If miraculously Nvidia actually ships 30K Rubin racks in early 2027 (to a single customer), training will only happen a bit later, that is you’ll only have an actual 5e28 BF16 FLOPs model by mid-2027, not in 2026. Building the training system costs $150bn, but the minimum necessary cost of 3-4 months of training system’s time is only about $15bn.

More likely this only happens several months later, in 2028, and at that point there’s the better Rubin Ultra NVL576 (Kyber) coming out, so that’s a reason to avoid tying up the $150bn in capital in the inferior non-Ultra Rubin NVL144 racks and instead wait for Rubin Ultra, only expending somewhat less than $150bn on non-Ultra Rubin NVL144 in 2027, meaning only a ~2e28 BF16 FLOPs model in 2027 (and at this lower level of buildout it’s more likely to actually happen in 2027). Of course the AI 2027 timeline assumes all-encompassing capability progress in 2027, which means AI companies won’t be saving money for next year, but hardware production still needs to ramp, money won’t be able to speed it up that much on the timescale of months.
- SorenJ 8 Apr 2025 18:12 UTC
  1 point
  0
  Parent
  Thank you very much, this is so helpful! I want to know if I am understanding things correctly again, so please correct me if I am wrong on any of the following:
  By “used for inference,” this just means basically letting people use the model? Like when I go to the chatgpt website, I am using the datacenter campus computers that were previously used for training? (Again, please forgive my noobie questions.)
  
  For 2025, Abilene is building a 100,000-chip campus. This is plausibly around the same number of chips that were used to train the~3e26 FLOPs GPT4.5 at the Goodyear campus. However, the Goodyear campus was using H100 chips, but Abilene will be using Blackwell NVL72 chips.
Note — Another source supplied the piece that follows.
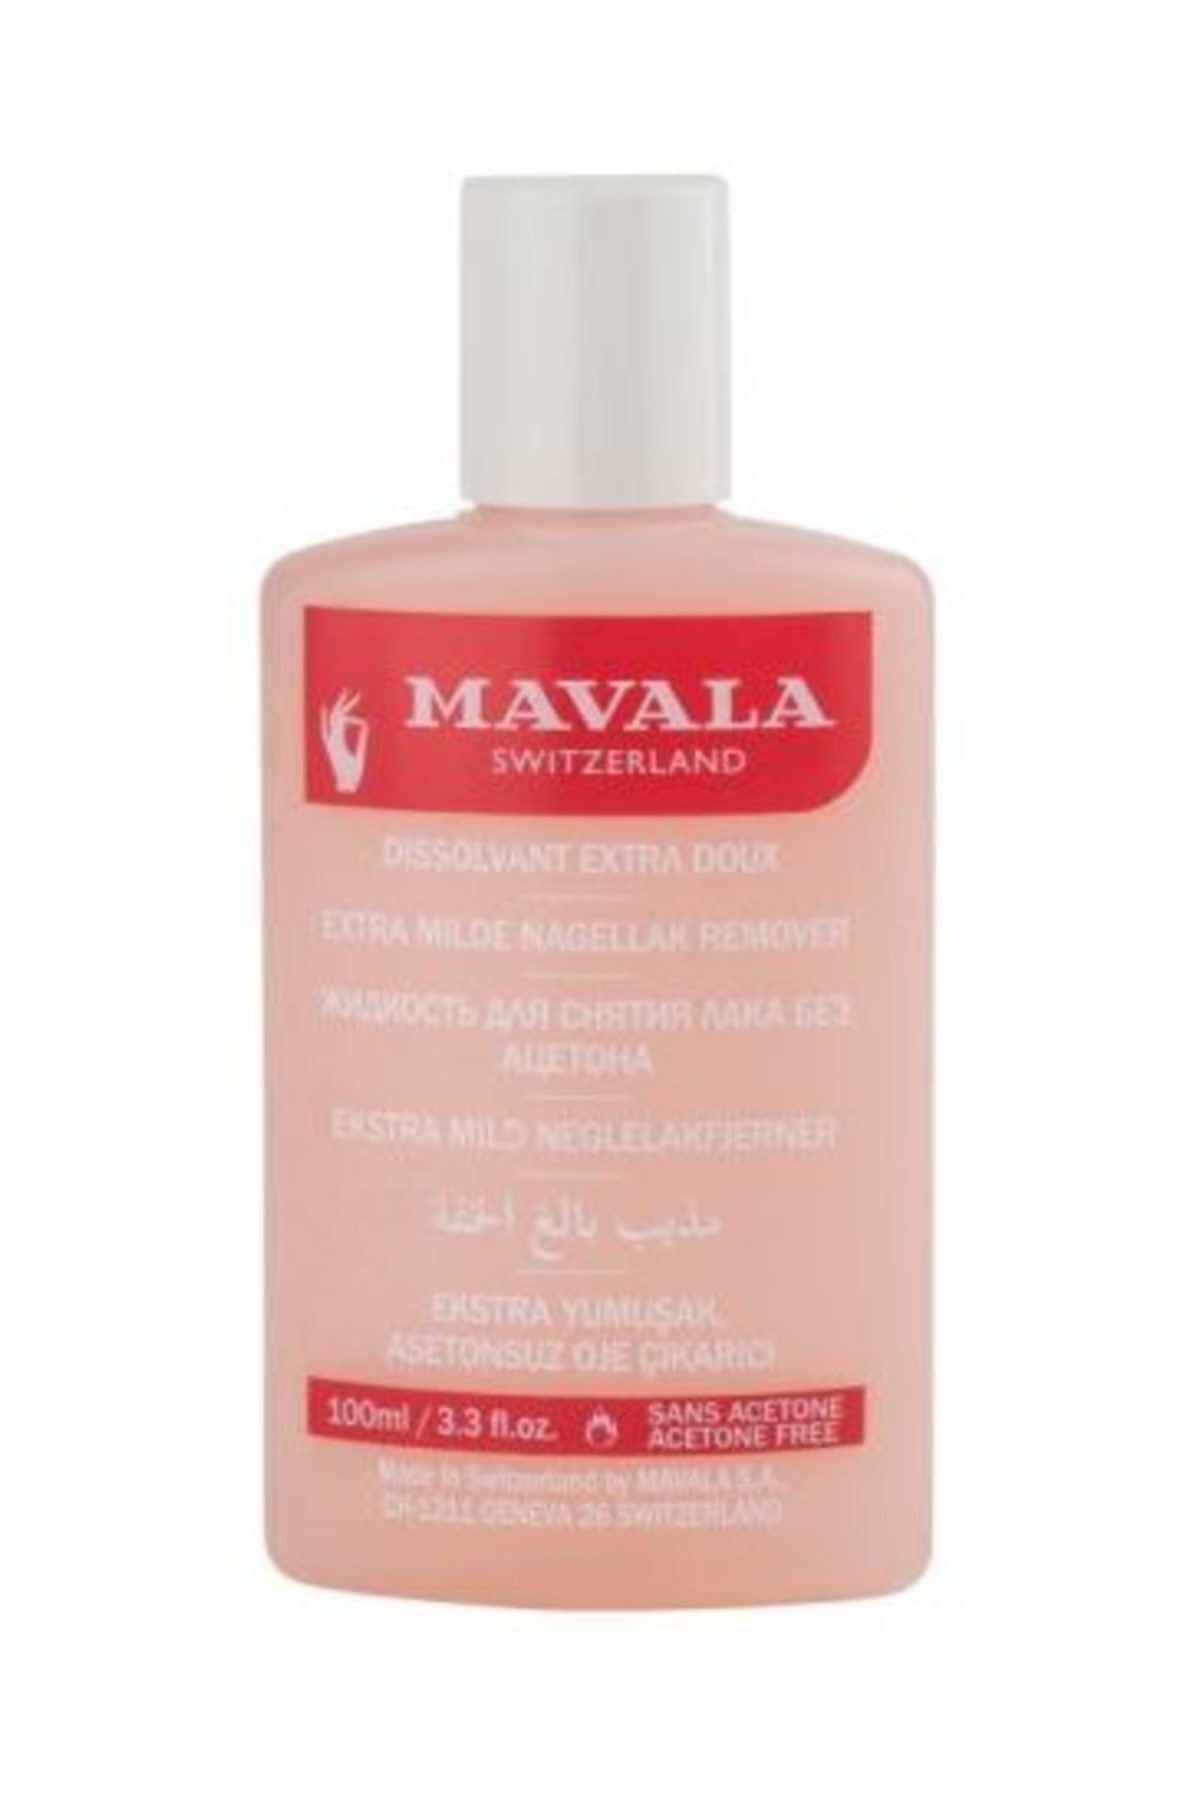 Mavala Extra Mild Nail Polish Remover 100ml

These improved chips means that for the same number of chips we can now train a 1e27 FLOPs model instead of just a 3e26 model. The chips can be built by summer 2025, and a new model trained by around end of year 2025.
  
  1.5 years after the Blackwell chips, the new Rubin chip will arrive. The time is now currently ~2027.5.
  
  Now a few things need to happen:
  1. The revenue growth rate from 2024 to 2025 of 3x/year continues to hold. In that case, after 1.5 years, we can expect $60bn in revenue by 2027.5.
  2. The ‘raised money’ : ‘revenue’ ratio of $30bn : $12bn in 2025 holds again. In that case we have $60bn x 2.5 = $150bn.
  3. The decision would need to be made to purchase the $150 bn worth of Rubin chips (and Nvidia would need to be able to supply this.)
  More realistically, assuming (1) and (2) hold, it makes more sense to wait until the Rubin Ultra comes out to spend the $150bn on.
  Or, some type of mixed buildout would occur, some of that $150bn in 2027.5 would use the Rubin non-Ultra to train a 2e28 FLOPs model, and the remainder would be used to build an even bigger model in 2028 that uses Rubin Ultra.
  - Vladimir_Nesov 8 Apr 2025 18:41 UTC
    3 points
    0
    Parent
    “Revenue by 2027.5” needs to mean “revenue between summer 2026 and summer 2027″. And the time when the $150bn is raised needs to be late 2026, not “2027.5”, in order to actually build the thing by early 2027 and have it completed for several months already by mid to late 2027 to get that 5e28 BF16 FLOPs model. Also Nvidia would need to have been expecting this or similar sentiment elsewhere months to years in advance, as everyone in the supply chain can be skeptical that this kind of money actually materializes by 2027, and so that they need to build additional factories in 2025-2026 to meet the hypothetical demand of 2027.
    
    By “used for inference,” this just means basically letting people use the model?
    
    It means using the compute to let people use various models, not necessarily this one, while the model itself might end up getting inferenced elsewhere. Numerous training experiments can also occupy a lot of GPU-time, but they will be smaller than the largest training run, and so the rest of the training system can be left to do other things. In principle some AI companies might offer cloud provider services and sell the time piecemeal on the older training systems that are no longer suited for training frontier models, but very likely they have a use for all that compute themselves.